Lawmakers told reporters Wednesday that the treasure trove of intelligence material found at Usama bin Laden's compound in Pakistan makes it all the more urgent that it be made clear in U.S. law where captured unprivileged enemy belligerents are to be taken.

Sens. Lindsey Graham, R-S.C., Joe Lieberman, I-Conn., and Kelly Ayotte, R-N.H., introduced legislation Wednesday that states that the naval station "shall be a location for the detention of individuals in the custody or under the control of the Department of Defense who have engaged in, or supported, hostilities against the United States or its coalition partners on behalf of al Qaeda, the Taliban, or an affiliated group."

"There is no pathway forward when it comes to closing Guantanomo in the foreseeable future. It's not going to happen," said Graham, a military lawyer who has long maintained that the prison should be closed, though he has recently changed his view saying that no alternative detention facility has emerged.

Lieberman said, "The bottom line is, Guantanamo is still open and will remain open as far as we can see forward, and we need it to remain open. Once we acknowledge that reality in law ... we can turn out attention to taking action that is focused on another goal which is using the prison as best we can to keep our country safe."

Also in support was Sen. Jim Webb, D-Va. But notably missing from the group was Sen. John McCain, top Republican on the Armed Services Committee. The Arizona senator's spokeswoman, Brooke Buchanan, told Fox News that the senator remains committed to closing the prison. McCain has said repeatedly that Gitmo should eventually be shuttered, noting that it is a recruiting tool for terrorists.

Concerns among the bipartisan group of lawmakers gathered Wednesday, all members of the Armed Services Committee, grew after a number of Administration officials, including Joint Chiefs Chairman Admiral Mike Mullen, recently indicated that there was no good answer to the question of where a captured high-value terrorist would be taken. Graham said it could result in a loss of intelligence if prisoners have to be transferred to another country for detention and interrogation.

"What does a war fighter do tomorrow if we're fortunate enough...to capture someone that we need to hold?" Graham asked. "The options are getting limited for our Special Forces. Without a jail, they are pushed to kill people that they would otherwise like to capture."

The senator said he was not referencing bin Laden, however, who was killed recently in Pakistan by Navy SEALs.

As for criticism from the international community and human rights organizations, like Amnesty International, who have repeatedly called for the closure of the detention center and an end to indefinite detention, Graham, calling Gitmo "the best-run military facility in the world," said, "It has been reformed. I'm not worried about that. What I am worried about is not having a prison. If you are worried about human rights, the worst thing you can do is to not have a viable prison."

Ayotte, a former state attorney general, said she has been in a lot of U.S. prisons in her time, and added, "Some facilities in the U.S. are not as nice."

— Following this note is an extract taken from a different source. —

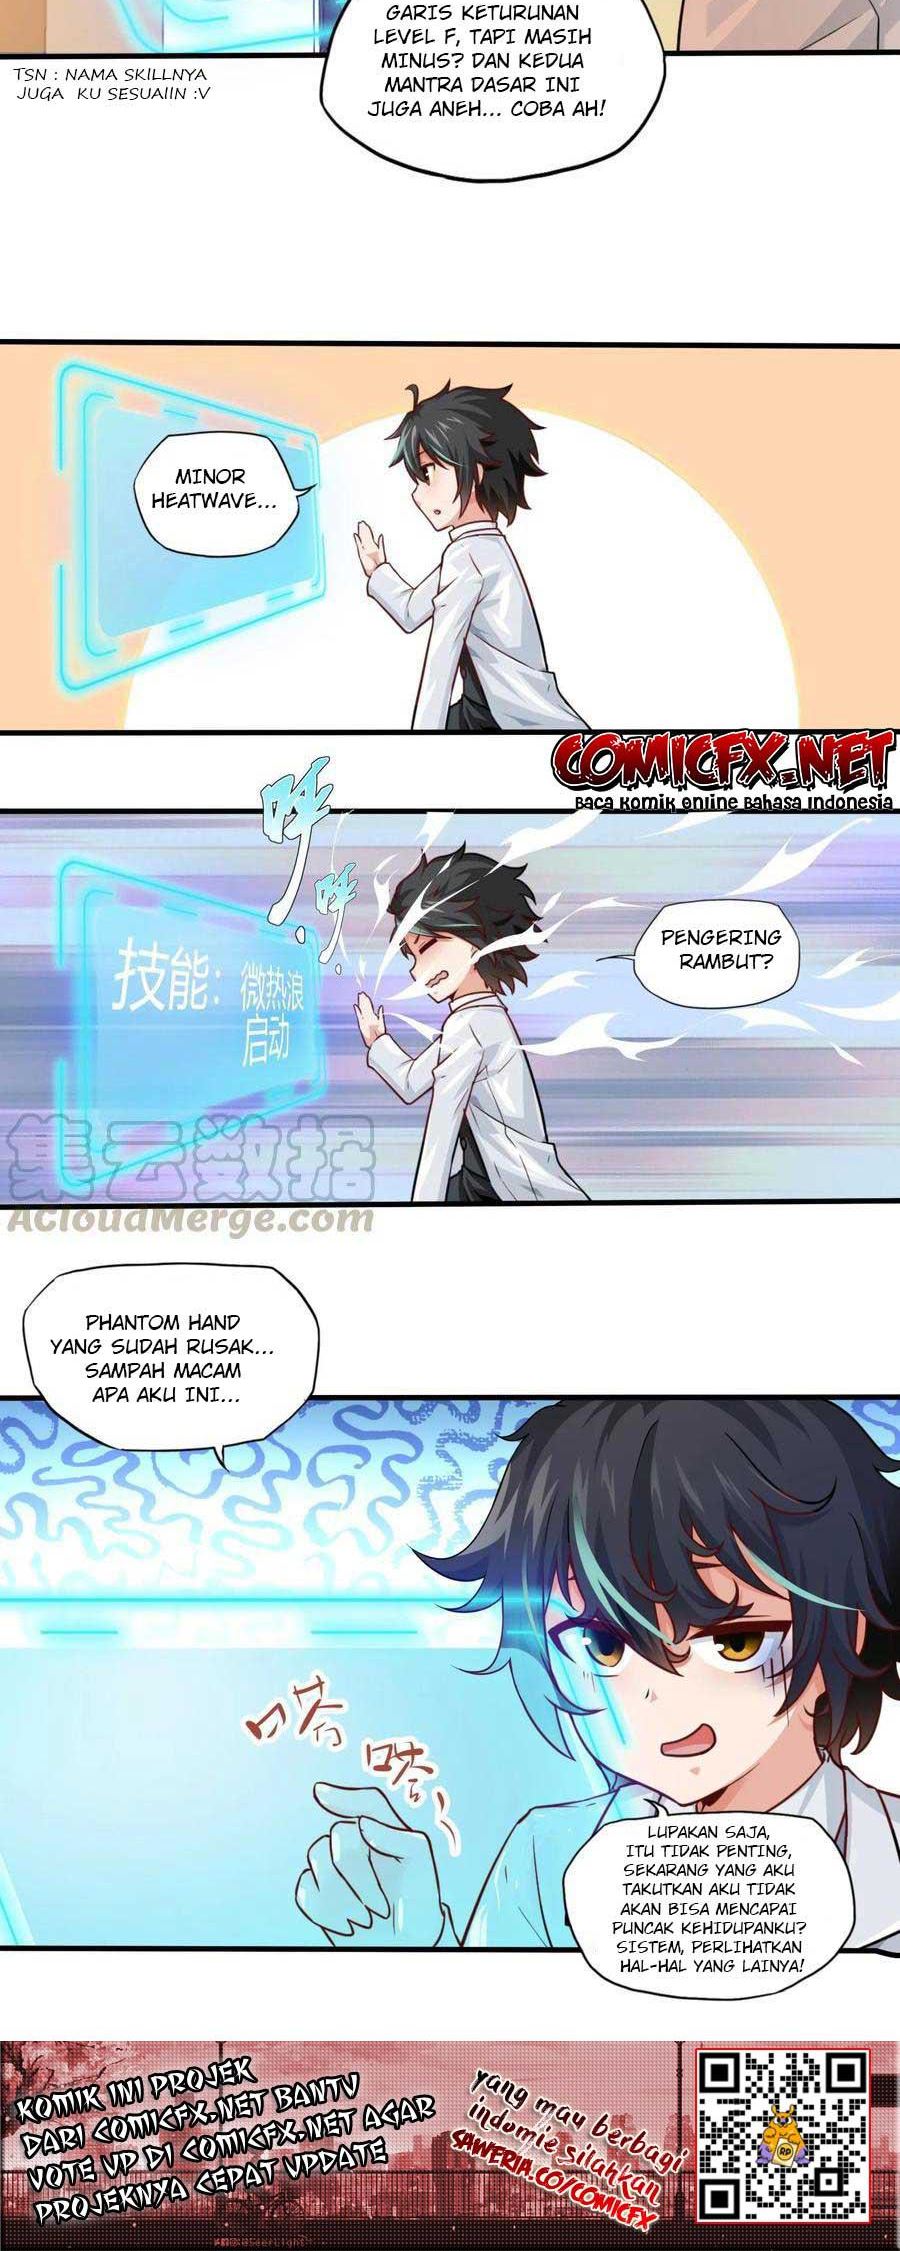 Dilarang COPAS - situs resmi www.mangacanblog.com - Komik little tyrant doesnt want to meet with a bad end 001 - chapter 1 2 Indonesia little tyrant doesnt want to meet with a bad end 001 - chapter 1 Terbaru 12|Baca Manga Komik Indonesia|Mangacan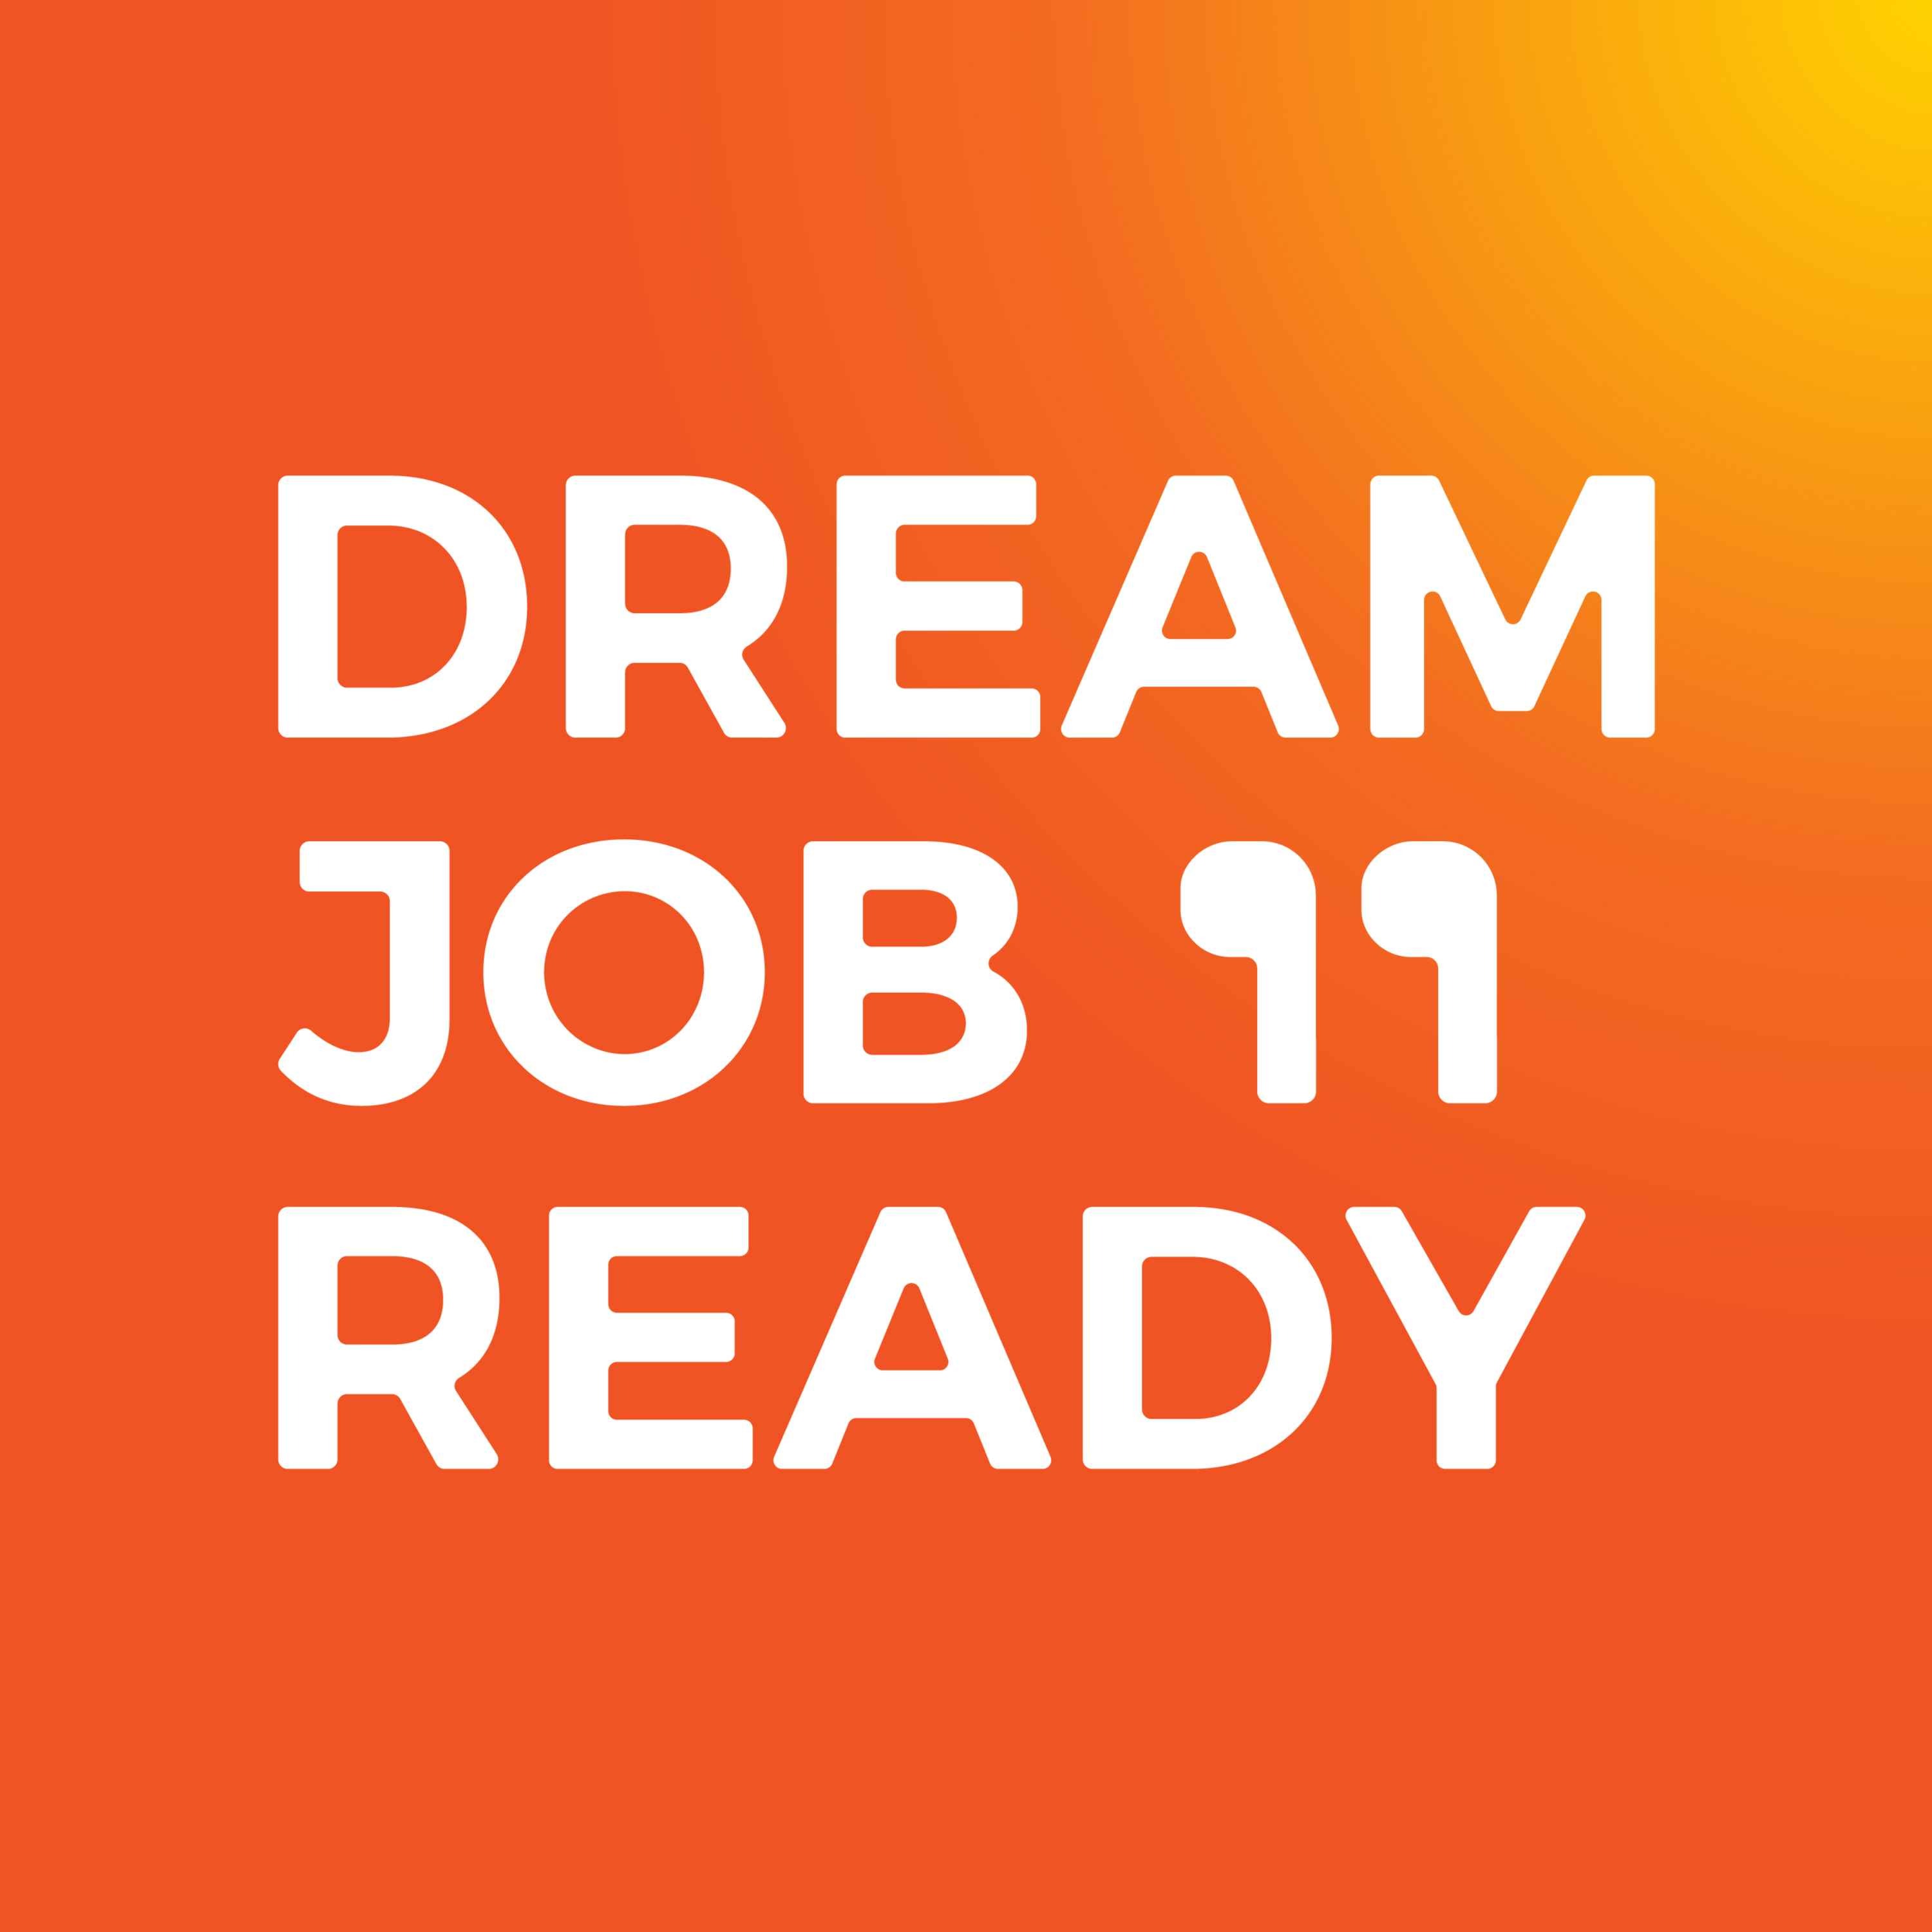 Movember's Marketing Director, Jason Olive and Dane Sharp discuss what it's like to work for a non-profit organisation and charity. | Dream Job Ready EP43

The legislation also permanently limits the transfer of detainees to foreign countries and dries up funding for any future facility that might be built or refurbished on U.S. soil. Congress has already forbidden the later action through the appropriations process, a fact the senators said gave more weight to their legislation.

Lieberman charged that keeping Guantanamo open would "increase the homeland security of the American people" and said clarification in the law is needed urgently.

"I believe that the new intelligence collected in the raid on bin Laden's compound ... increases the likelihood that more terrorists will be captured in the near future," Lieberman said. "We're going to want to have a safe, first rate facility in which we can house these people in order to keep them off battlefield and gain intelligence from them."

The independent senator also said he would soon introduce legislation that re-authorizes some "enhanced interrogation techniques" that were outlawed early on by the Obama administration, though he gave no details. Staff said a bill could be unveiled as early as this week.